5. **Install for serl_robot_infra** 
   
   Please refer to the [README](./serl_robot_infra/README.md) in the `serl_robot_infra` directory for installation instructions and details on operating the Franka robot arm. This document includes guidance on setting up the impedance-based [serl_franka_controllers](https://github.com/rail-berkeley/serl_franka_controllers). After completing the installation, you should be able to start the robot server and interact with the `franka_env` gym for hardware control.

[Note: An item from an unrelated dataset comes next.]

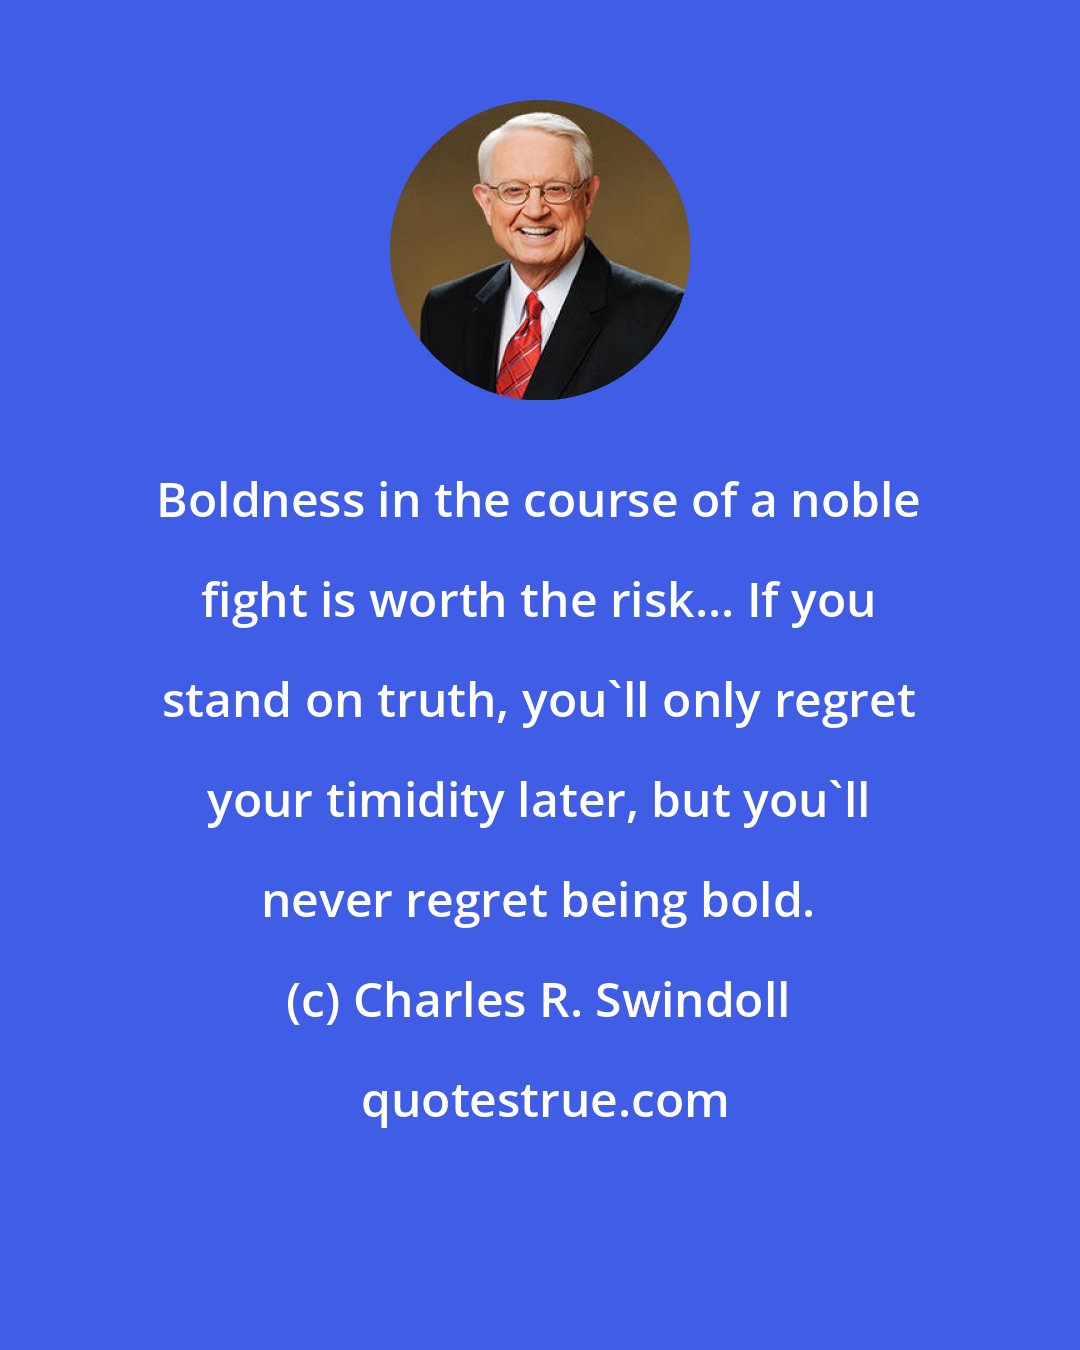 Charles R. Swindoll: Boldness in the course of a noble fight is worth the risk... If you stand on truth, you'll only regret your timidity later, but you'll never regret being bold.
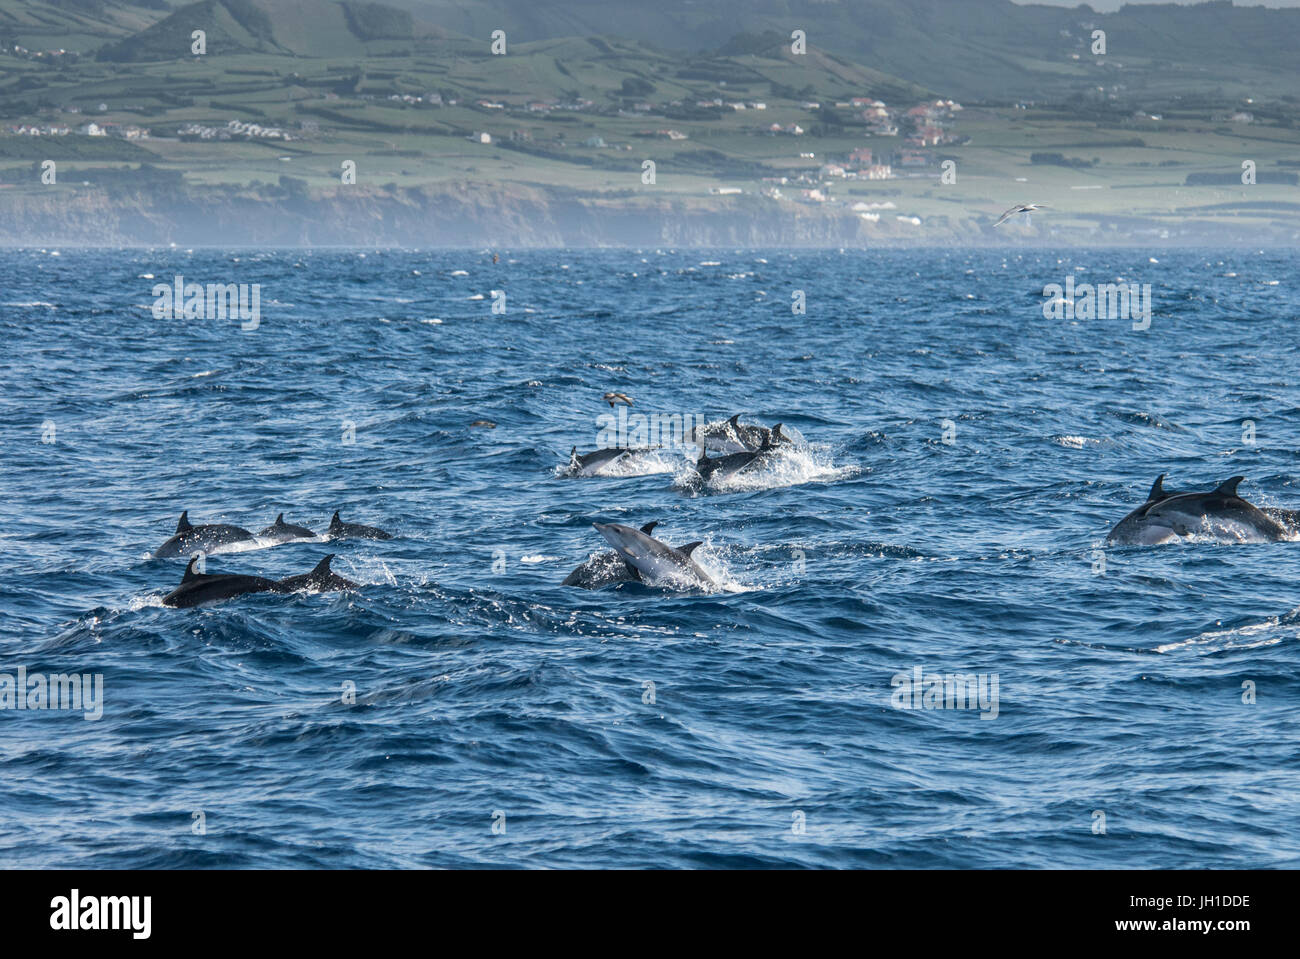 Atlantic spotted dolphin, Stenella frontalis group, porpoising in front of Horta, Faial Island, Azores, Atlantic Ocean Stock Photo

## 💻 Overview and Code Structure

We offers a set of code for fine-tuning Octo in robotic manipulation tasks. The approach's pipeline consists of an actor thread and a learner thread, both of which interact with the robot gym environment. These two threads operate asynchronously, with data transmitted from the actor to the learner node over the network using [agentlace](https://github.com/youliangtan/agentlace). The learner thread periodically updates the policy and syncs it with the actor. 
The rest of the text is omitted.